Freedom Property Fund Limited
(Incorporated in the Republic of South Africa)
(Registration number: 2012/129186/06)
Share code: FDP
ISIN: ZAE000185260
(“Freedom” or “the Company”)


THE SPECIFIC ISSUE OF SHARES TO SETTLE GUARANTEE SHARE OBLIGATIONS, THE
DISPOSAL OF STELLENBOSCH INDUSTRIAL AND THE ADOPTION OF THE FREEDOM LONG
TERM INCENTIVE PLAN


1. INTRODUCTION


     1.1. Specific Issue
          Freedom shareholders (“Shareholders”) are hereby advised that Freedom has entered into
          agreements with the Christo La Grange Gesins Trust and the Lafras Joubert Gesins Trust
          (“Trust Agreements”) in terms of which the Company will, subject to certain conditions
          precedent, including Shareholder approval, issue an aggregate of 323 845 455 new
          Freedom ordinary shares (“Specific Issue Shares”), representing approximately 31.5% of the
          Company’s existing issued ordinary share capital, at an issue price of R0.22 per Specific
          Issue Share (“Subscription Price”), as settlement of guarantee share obligations amounting
          to R71 246 000, on the terms and conditions set out in paragraph 2 below (“Specific Issue”).

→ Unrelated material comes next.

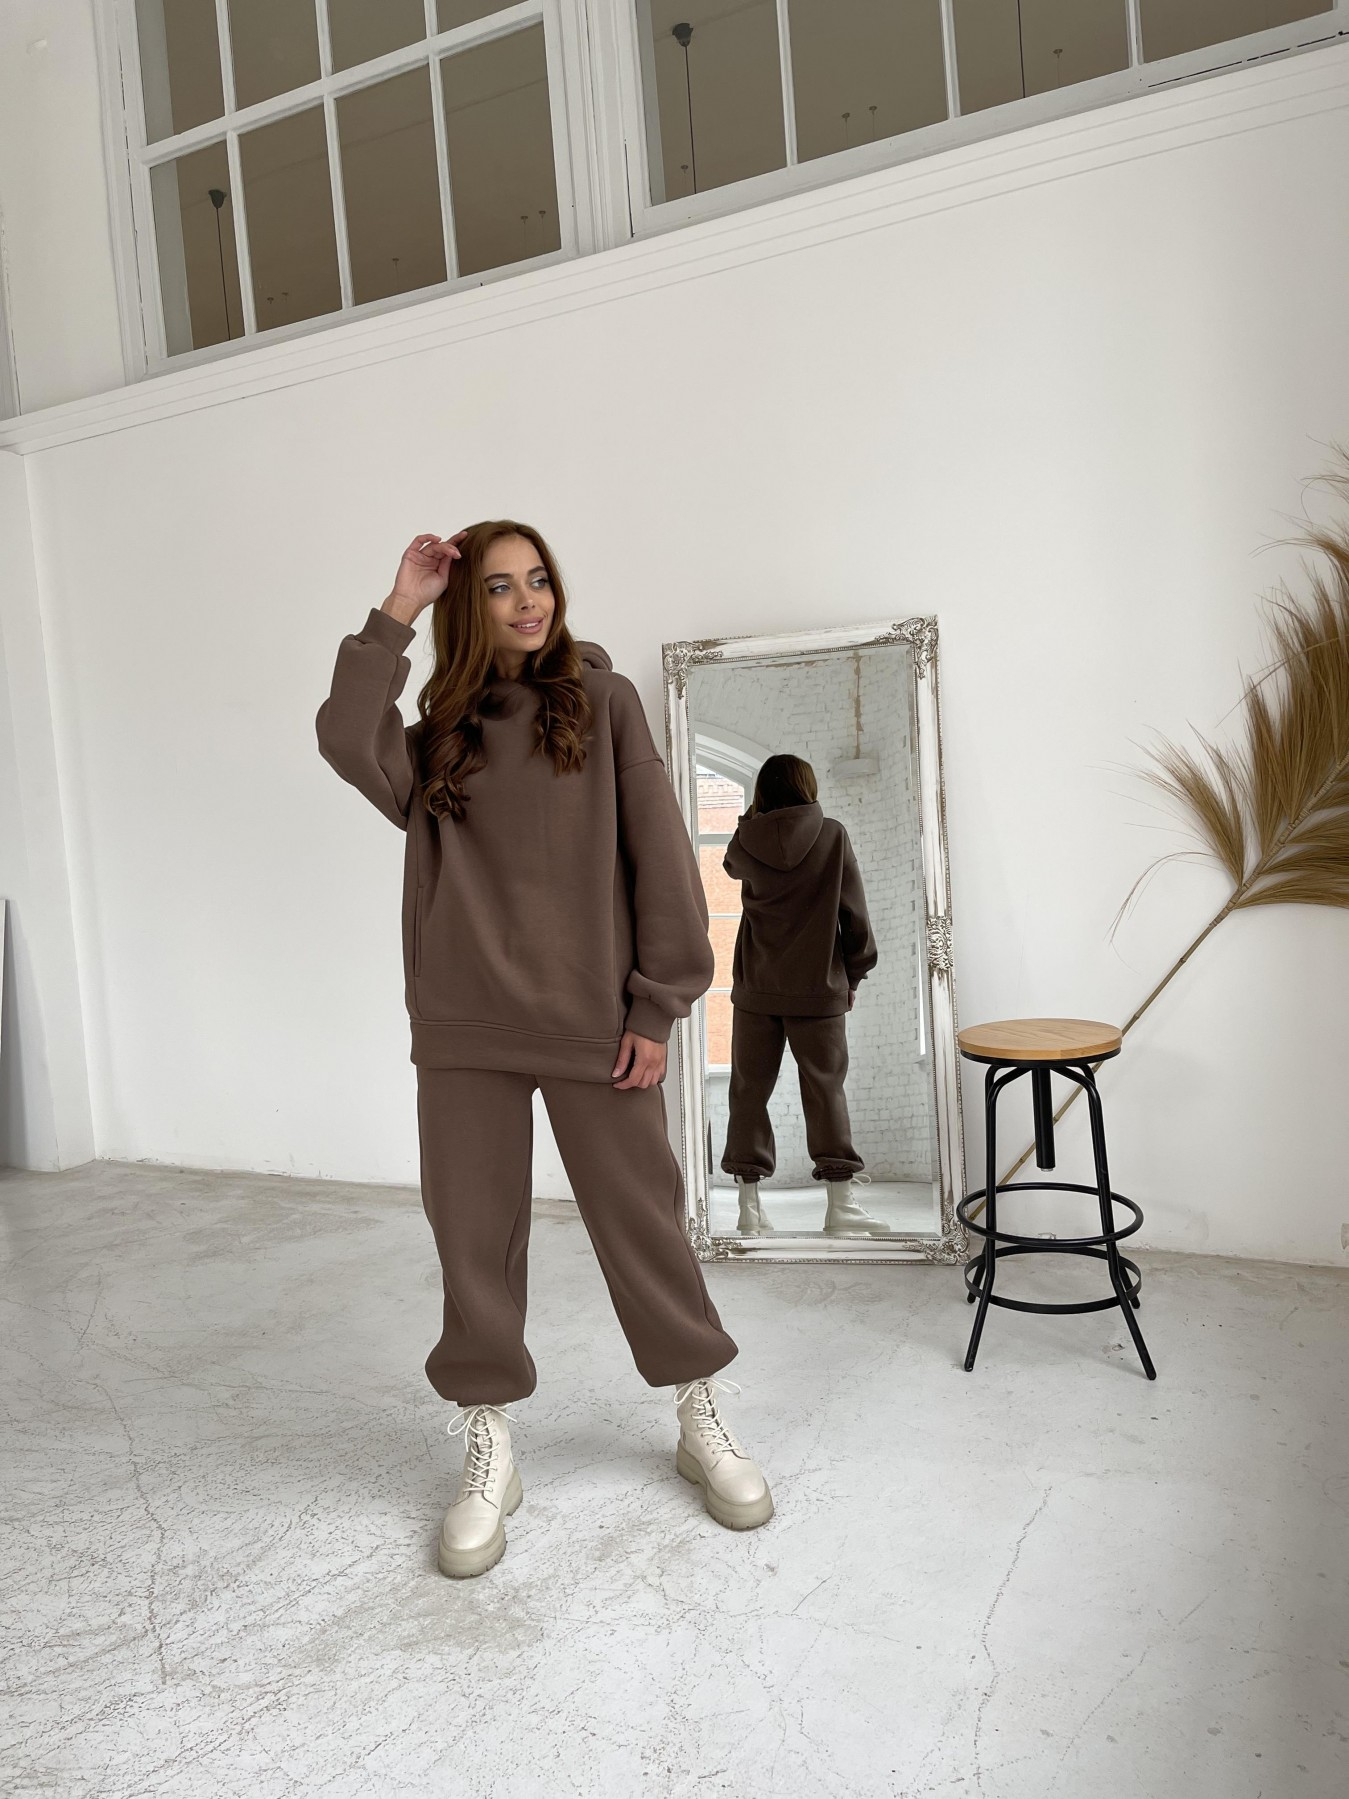 Марион утепленный костюм из трехнити 11852 АРТ. 48656 Цвет: Шоколад - фото 5, интернет магазин tm-modus.ru

     1.2. Disposal of Stellenbosch Industrial
          Shareholders are further advised that Freedom, through its wholly-owned subsidiary Passion
          Way Props Proprietary Limited (“Passion Way”), has concluded an agreement for the
          disposal of the Stellenbosch Industrial property, for a sale consideration of R49 000 000, as
          set out in paragraph 3 below (“Disposal”).


     1.3. Freedom Long Term Incentive Plan
          Shareholders are further advised that the Company wishes to adopt the Freedom Long Term
          Incentive Plan (“LTIP”) in the manner contemplated in paragraph 4 below.


2.   THE SPECIFIC ISSUE


     2.1. Terms of the Specific Issue
          In terms of the Trust Agreements, approved by the board of Freedom on 11 August 2015, a
          total of 323 845 455 Specific Issue Shares will be issued as follows:


        Name of party                  Nature of relationship        Number of        Rand value
                                                                       shares          of shares
      (collectively “the
            Trusts”)


    Christo La Grange        Current Freedom Shareholder,            214 945 455      R47 288 000
    Gesins Trust             holding approximately 17.6% of
    (“Christo Trust”)        Freedom’s existing issued share
                             capital

    Lafras Joubert           Current Freedom Shareholder,            108 900 000      R23 958 000
    Gesins Trust (“Lafras    holding approximately 7.7% of
    Trust”)                  Freedom’s existing issued share
                             capital

    Total                                                            323 845 455      R71 246 000



    The Specific Issue Shares to be issued in terms of the Trust Agreements will be Freedom
    ordinary shares, which is a class of shares already in issue. The Specific Issue Shares will,
    upon issue, rank pari passu with the existing Freedom ordinary shares in issue.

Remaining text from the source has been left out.